The expected answer is the set of lines in the data below between the line holding "1977 Ford Mustang" and the line holding "531e7a541b0eed Nike", inclusive, written out exactly.

> INFORMATION SHOWN:
::::
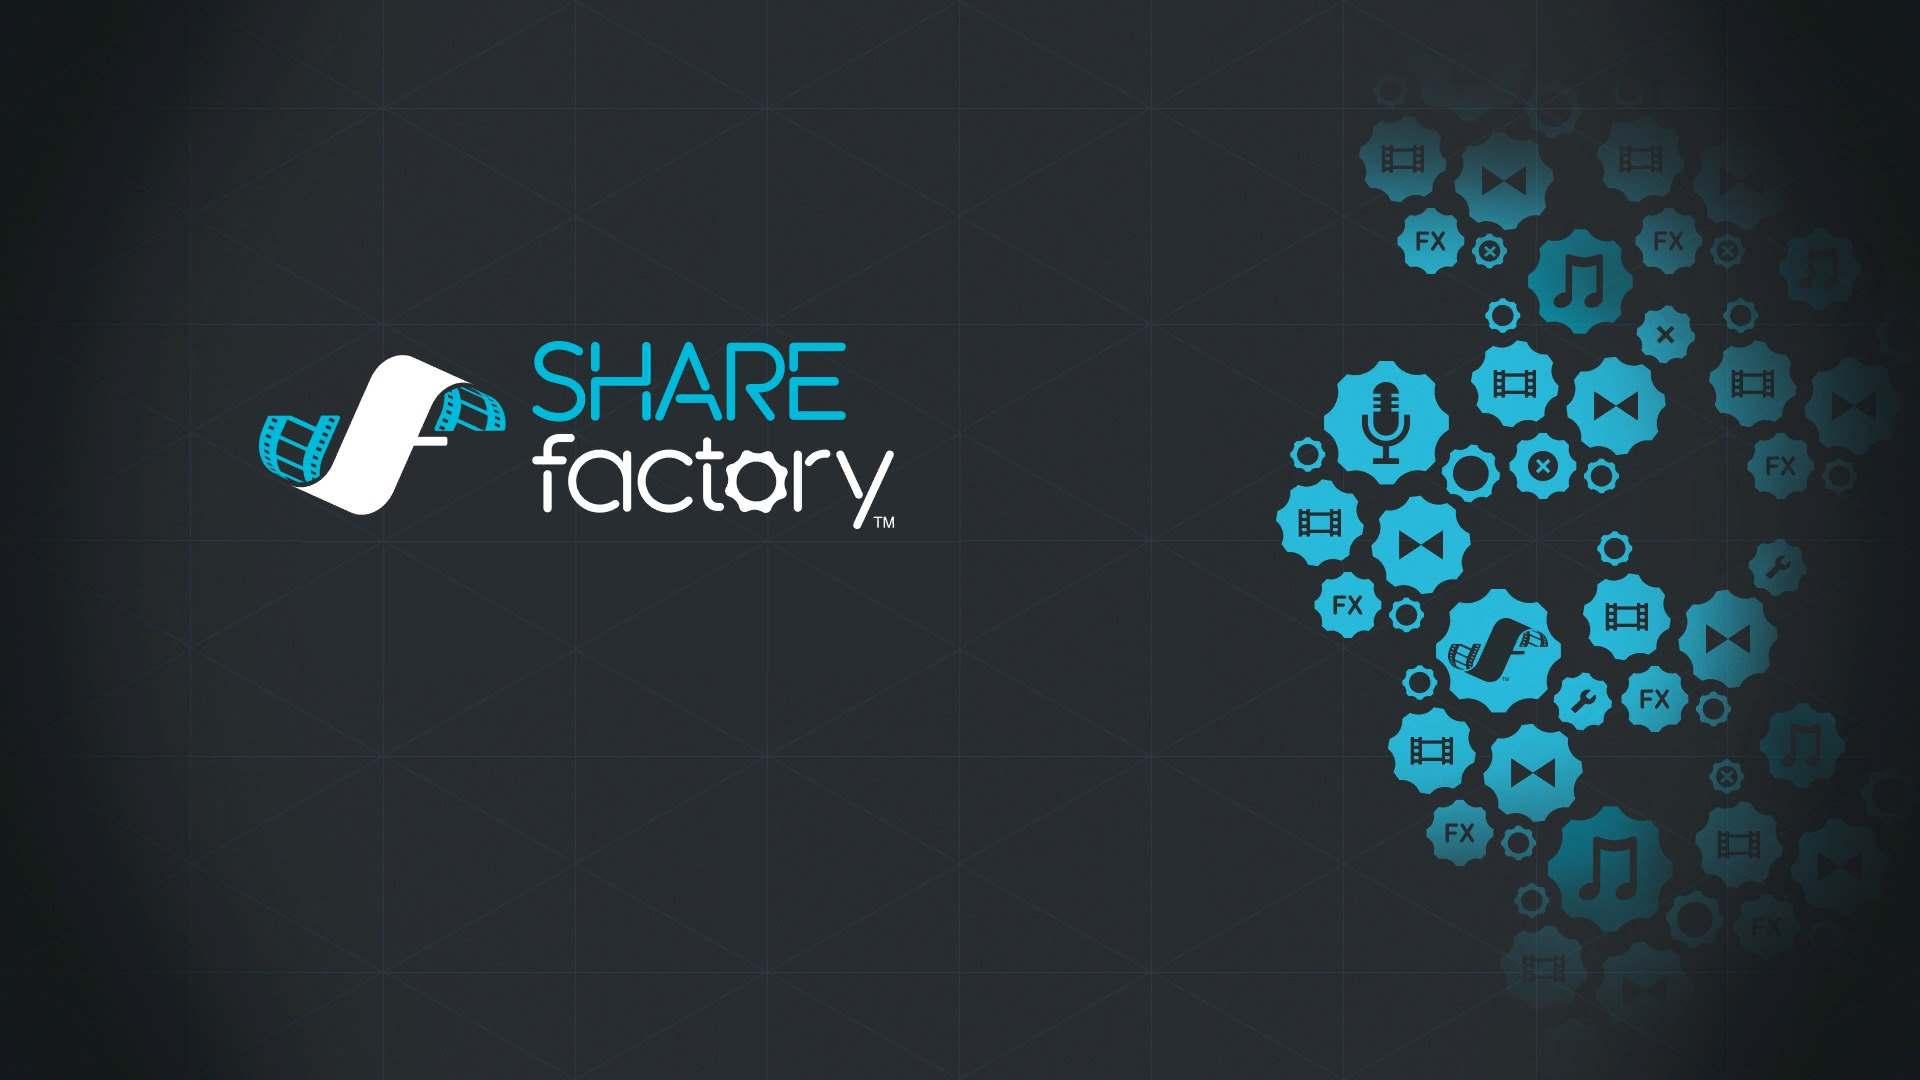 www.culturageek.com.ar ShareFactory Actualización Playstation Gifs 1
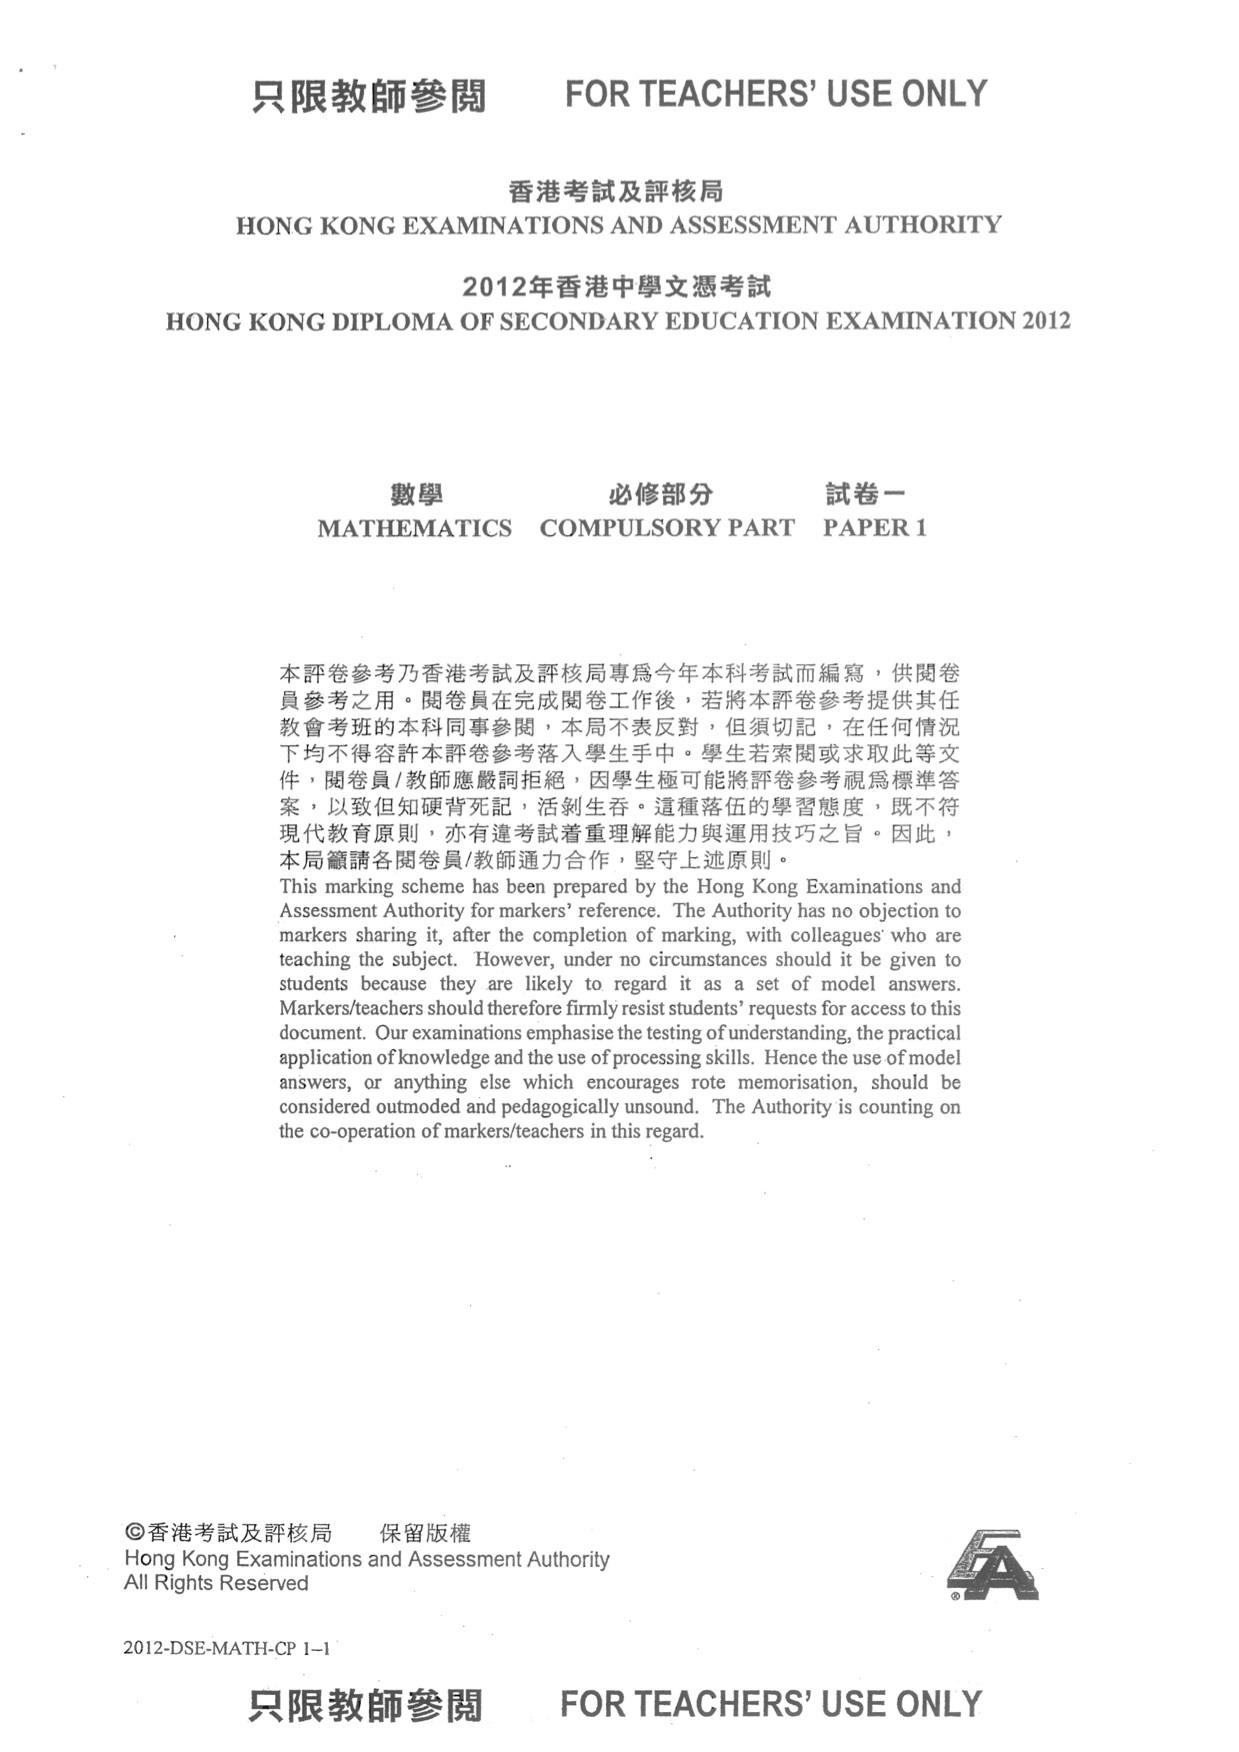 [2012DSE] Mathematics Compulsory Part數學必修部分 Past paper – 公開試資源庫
::::
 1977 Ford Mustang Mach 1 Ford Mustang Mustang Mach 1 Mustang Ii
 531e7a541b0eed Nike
::::
> RESULT OF THE TASK:
 1977 Ford Mustang Mach 1 Ford Mustang Mustang Mach 1 Mustang Ii
 531e7a541b0eed Nike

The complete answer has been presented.